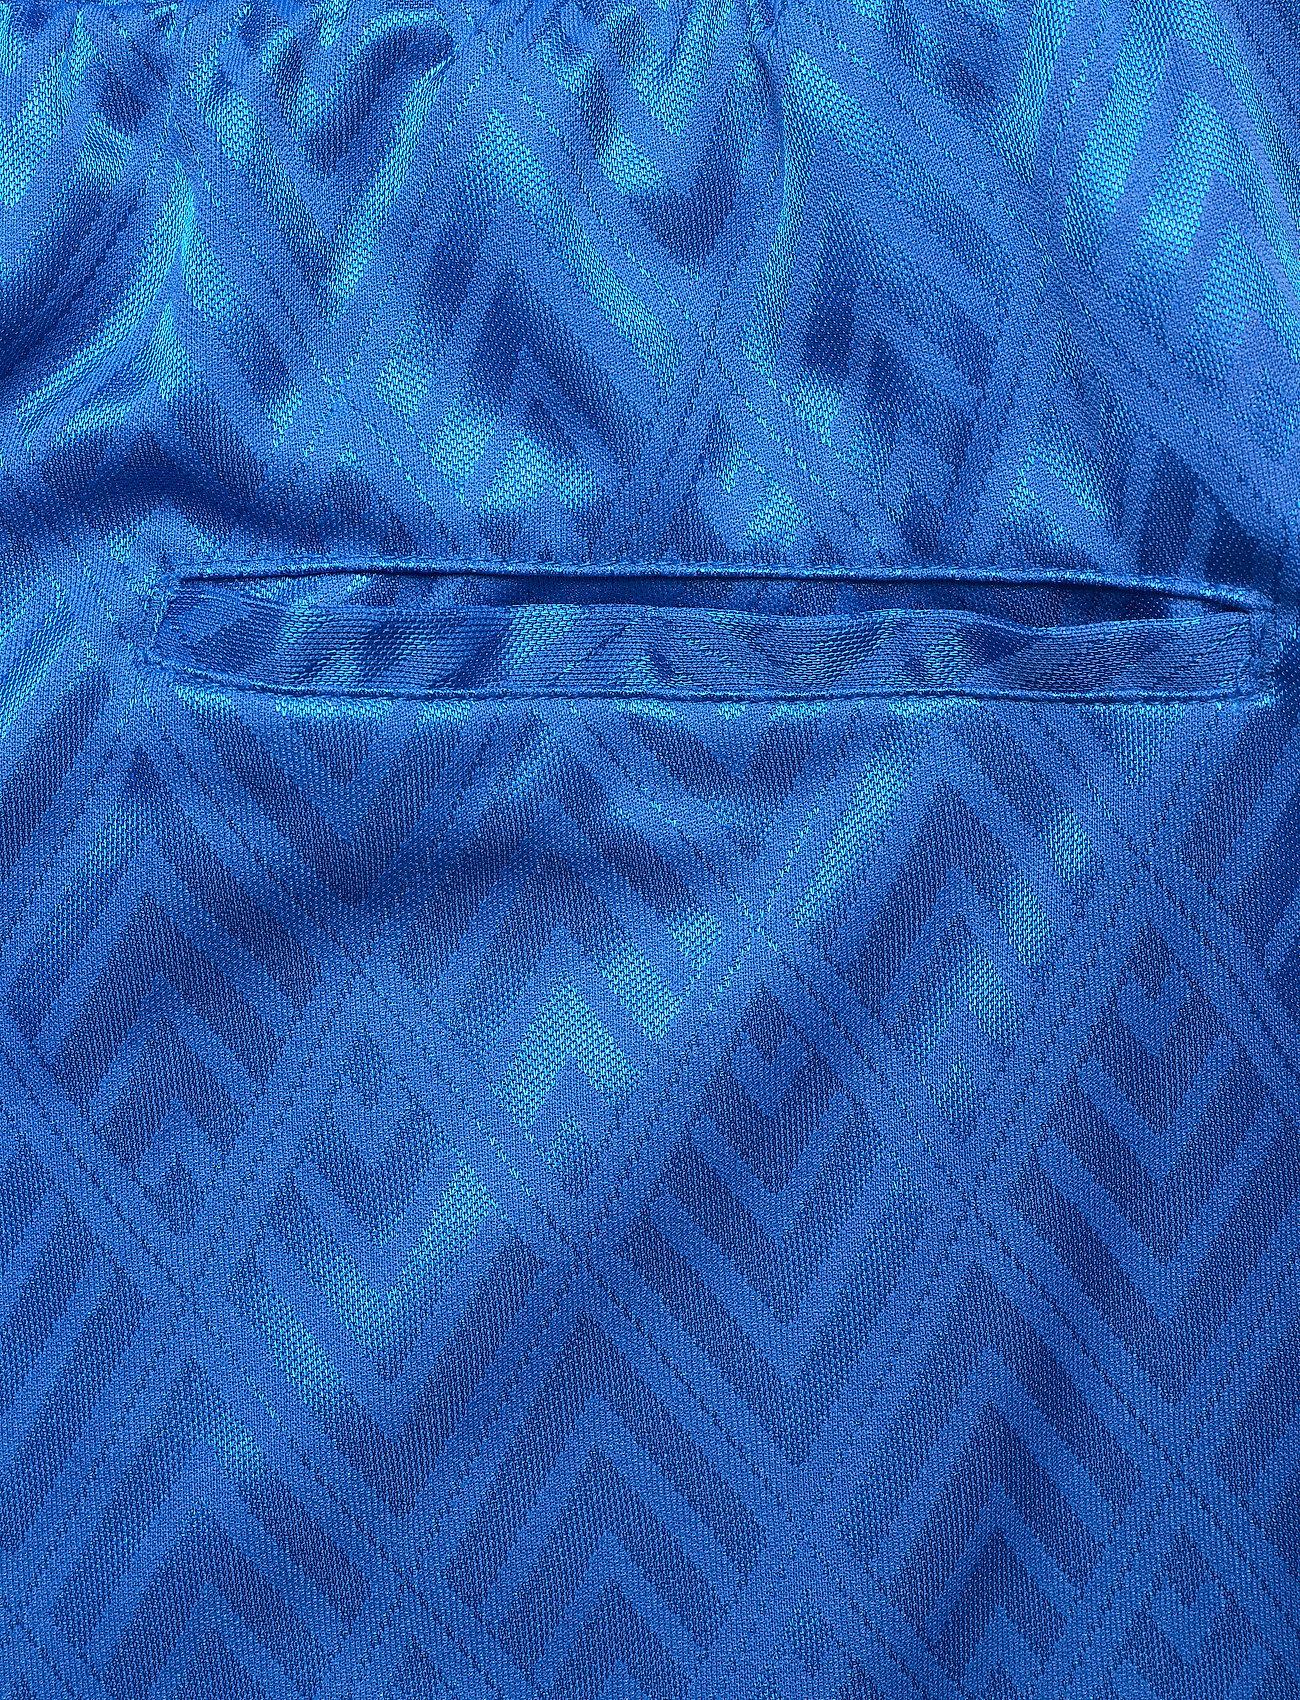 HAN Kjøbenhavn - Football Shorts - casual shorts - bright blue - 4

--

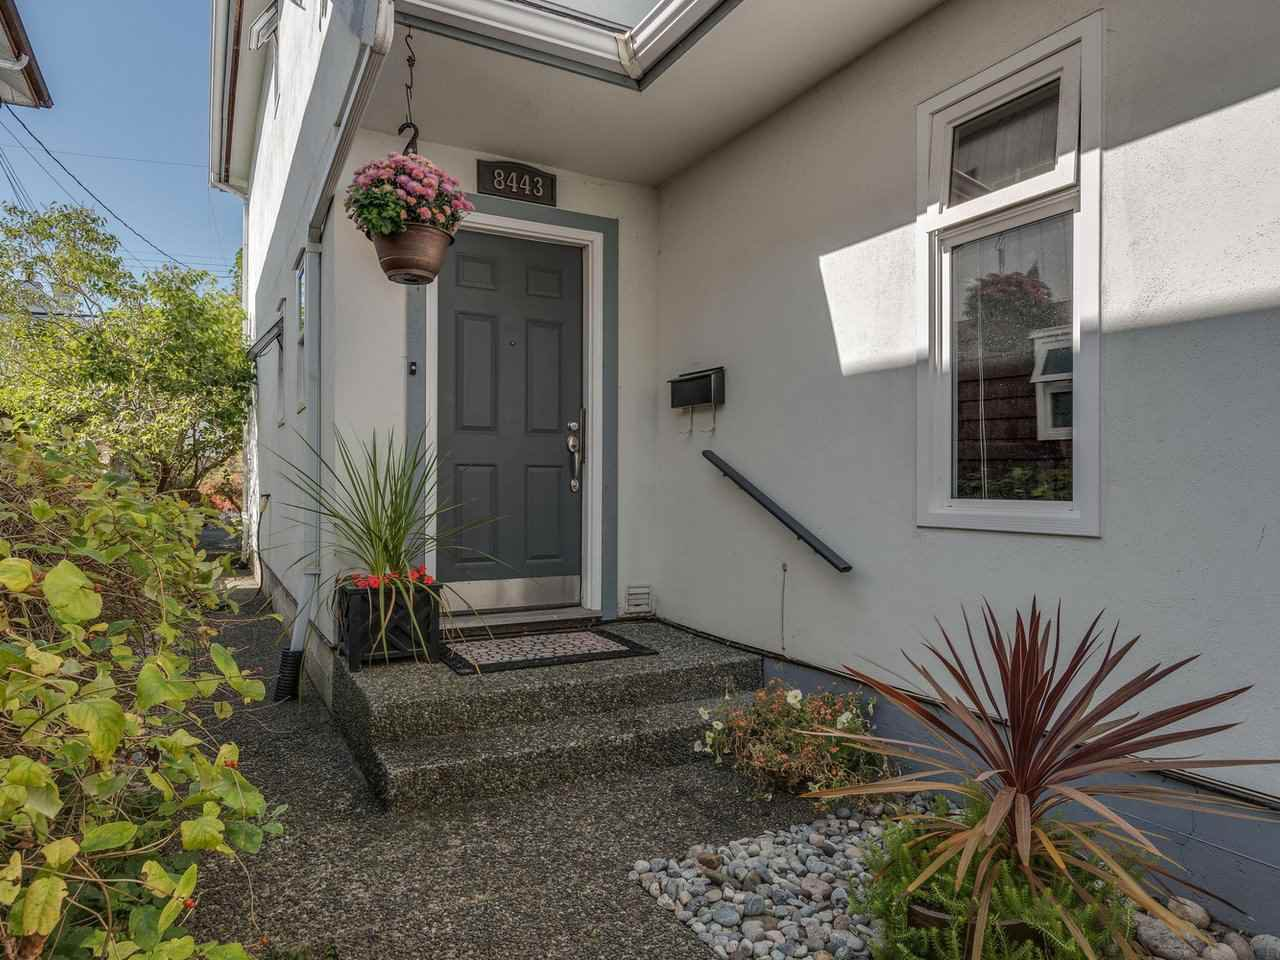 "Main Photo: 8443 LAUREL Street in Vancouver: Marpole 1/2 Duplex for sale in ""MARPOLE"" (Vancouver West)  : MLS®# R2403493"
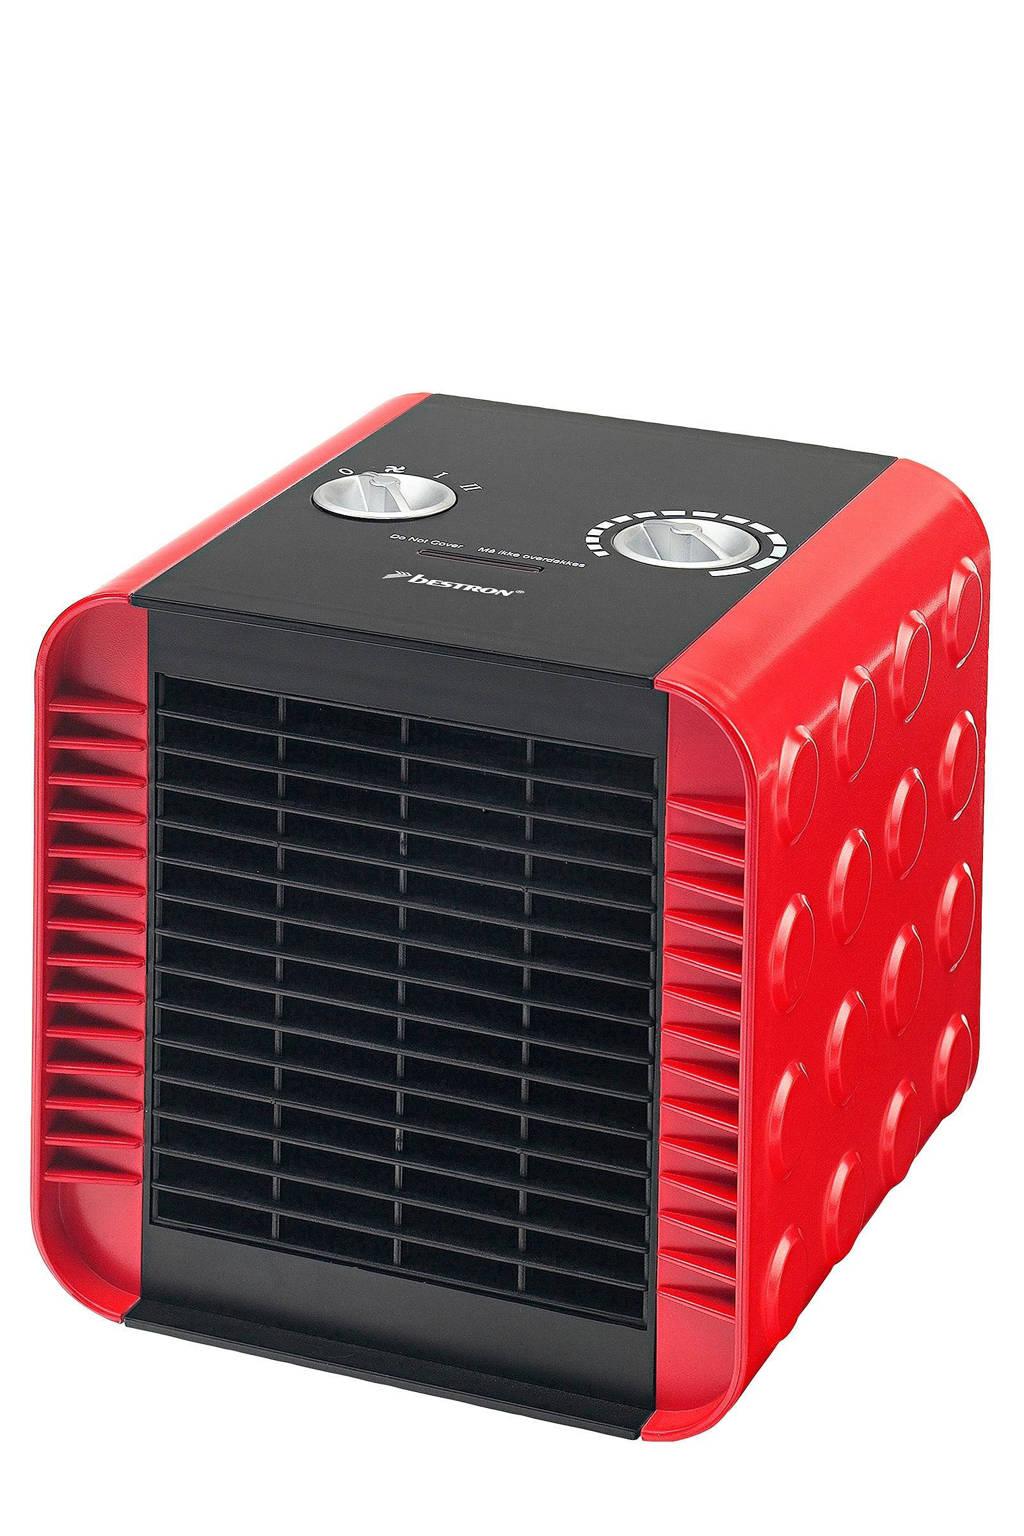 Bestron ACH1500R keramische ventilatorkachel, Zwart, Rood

» **What you have to do**
Between and including the line above that contains "Photo: 8443 LAUREL" and the line that contains "Bestron ACH1500R keramische", restate every line word for word. Pictures stay out.

» **Result**
 "Main Photo: 8443 LAUREL Street in Vancouver: Marpole 1/2 Duplex for sale in ""MARPOLE"" (Vancouver West)  : MLS®# R2403493"
 Bestron ACH1500R keramische ventilatorkachel, Zwart, Rood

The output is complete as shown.